# ~: Bloody Mary Meatloaf :~



## CanadianShe_Wolf

Bloody Mary Meatloaf:>>

Recipe Ingredients:..
1 1/2 pounds ground beef 
1/2 pound ground pork
2 eggs 
1 cup fine bread crumbs 
1/2 cup finely chopped onions 
1/2 cup finely chopped red bell pepper 
1/2 cup finely chopped celery 
1 teaspoon black pepper 
2 teaspoons minced garlic 
1 1/2 cups bloody Mary mix, divided

Method:..
Heat oven to 350 degrees F. Butter the bottom and sides of a 13 x 9-inch baking pan.

In a bowl, mix all ingredients except 1/2 cup of bloody Mary mix. Shape the loaf approximately 2 inches high, 4 inches wide and 12 inches long. Place in prepared baking pan. Pour in remaining 1/2 cup bloody Mary mix.

Bake, covered, at 350 degrees F for 25 minutes.

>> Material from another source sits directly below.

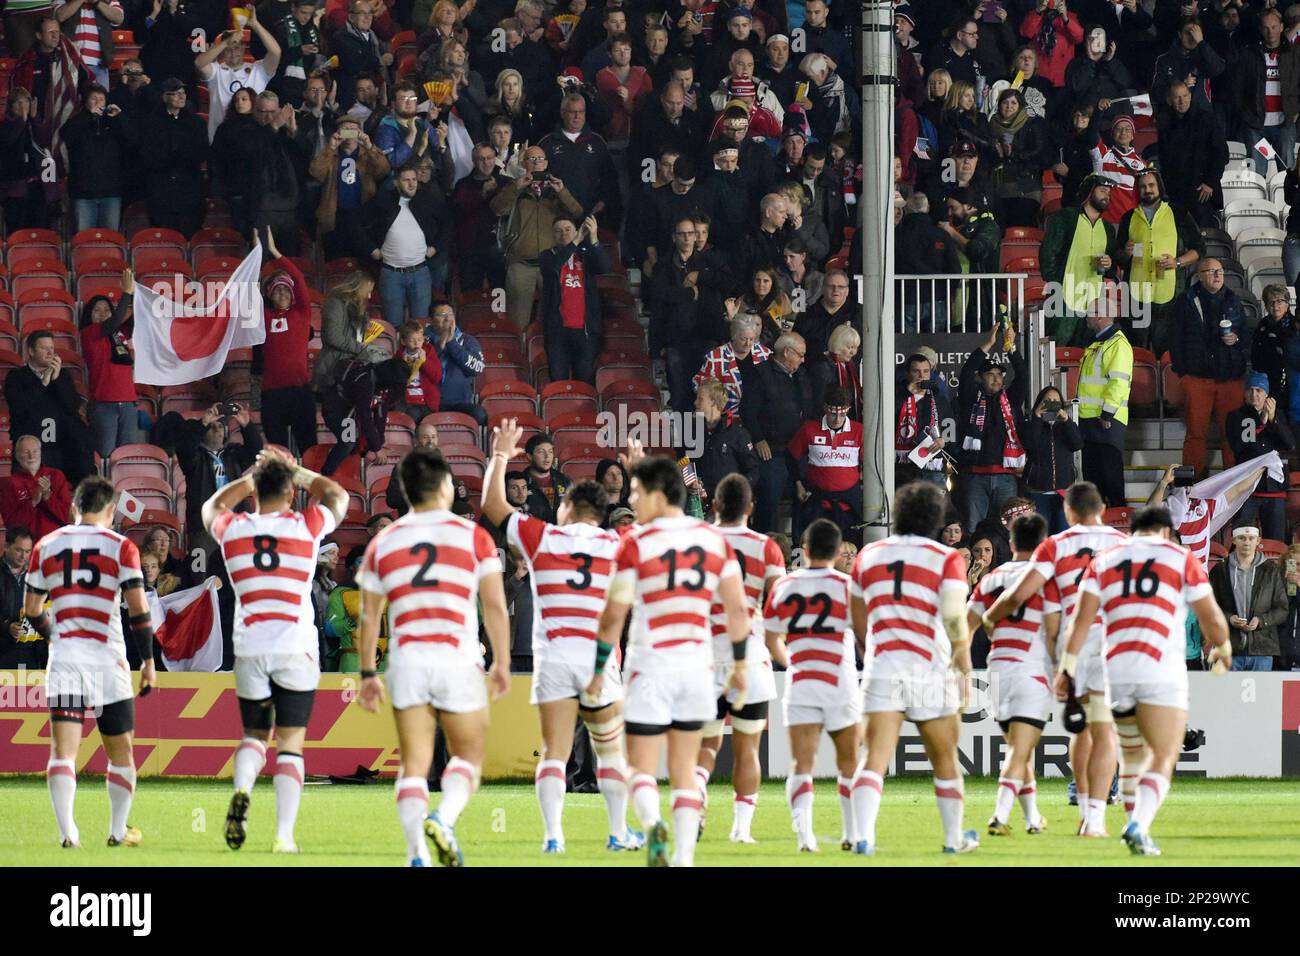 Japanese Cherry Blossoms players celebrate after beating the United States  of the Rugby World Cup Pool B match at Kingsholm Stadium in Gloucester,  England on Oct. 11, 2015. The Cherry Blossoms defeated
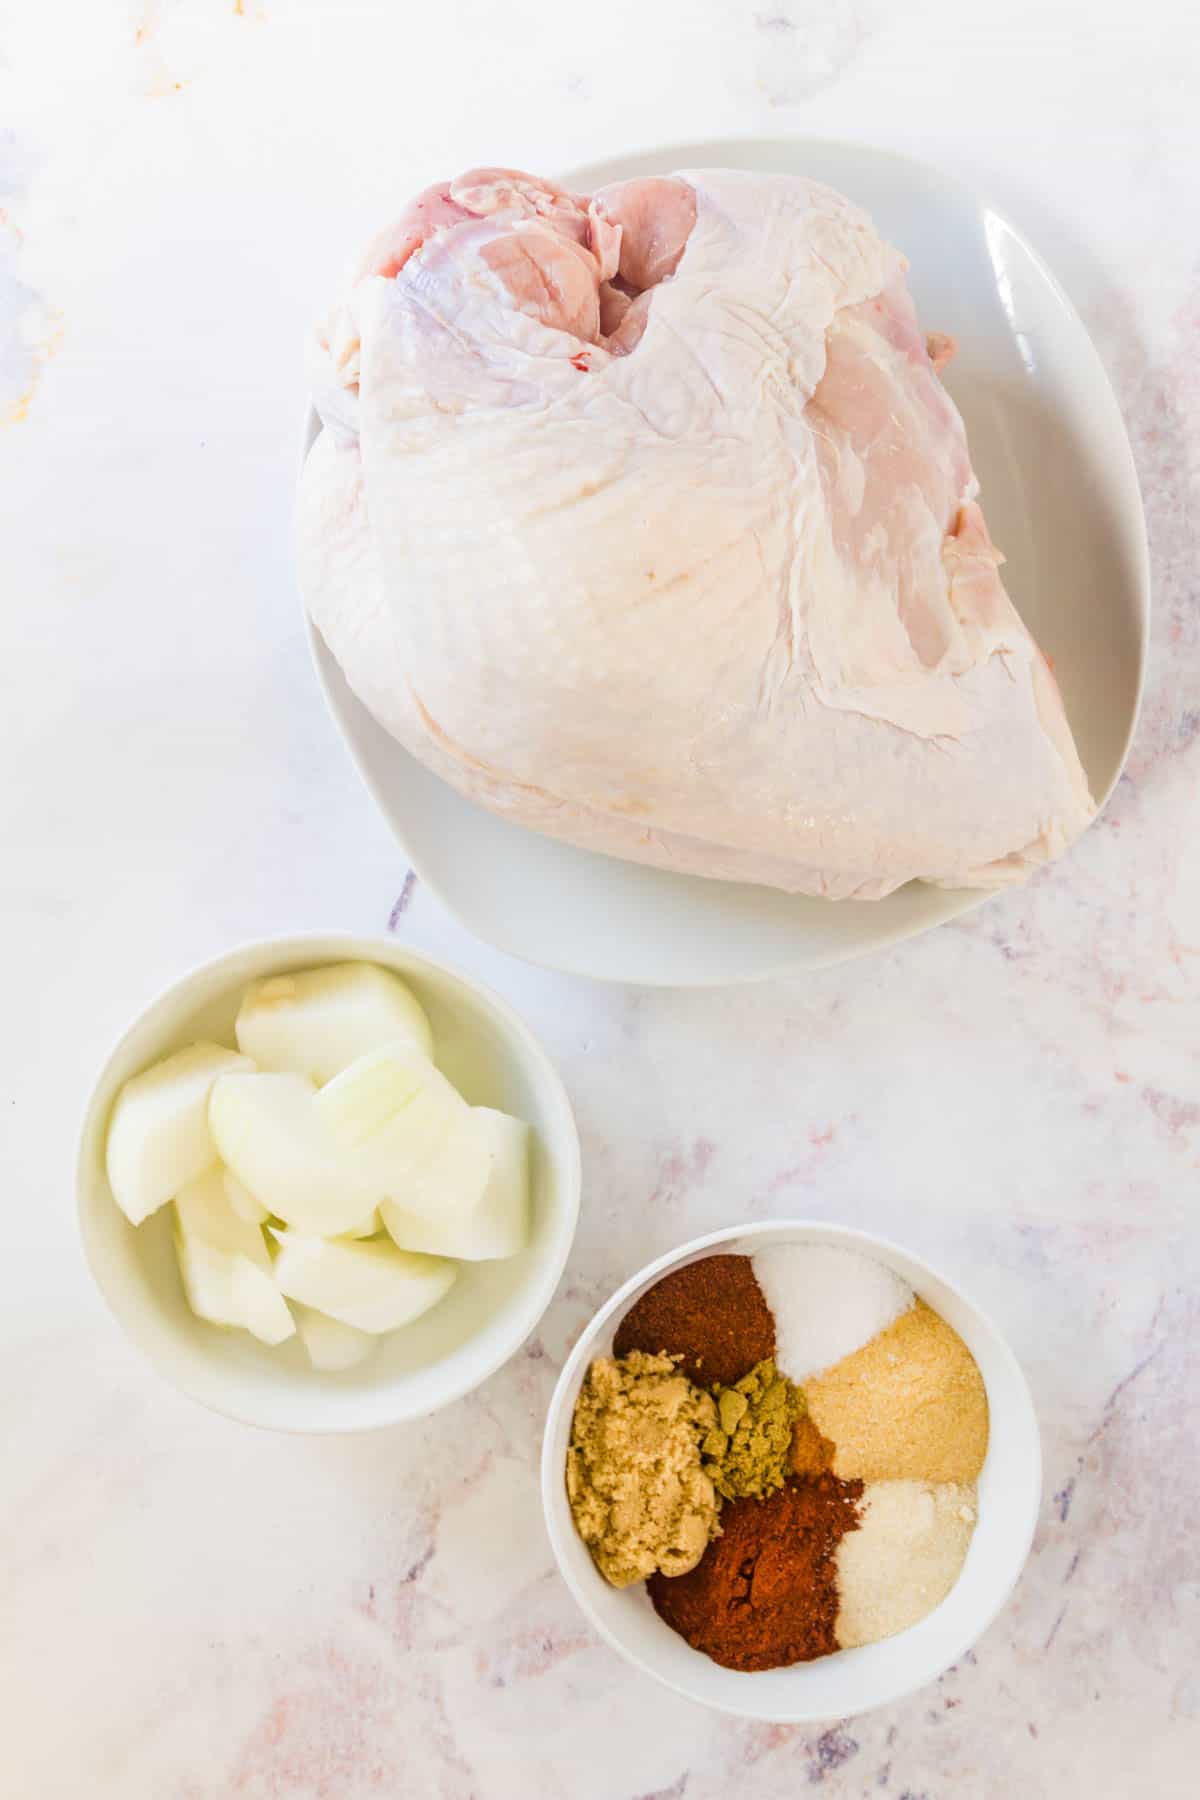 The ingredients for Slow Cooker Turkey Breast set out on the counter.

Baste with juices, and raise oven temperature to 400 degrees F. Continue baking, uncovered, until done, approximately 25 to 30 minutes.

Serves 6.


----------



## susandkline

Sounds good! I'll give this one a try, too!


----------



## settermom

Looks wonderful and has all the "right stuff" (for my taste) in it. Will give it a try.


----------



## settermom

Bought some Bloody Mary Mix today---just for trying out this recipe!


----------



## NYBev

Can't wait to try this!


----------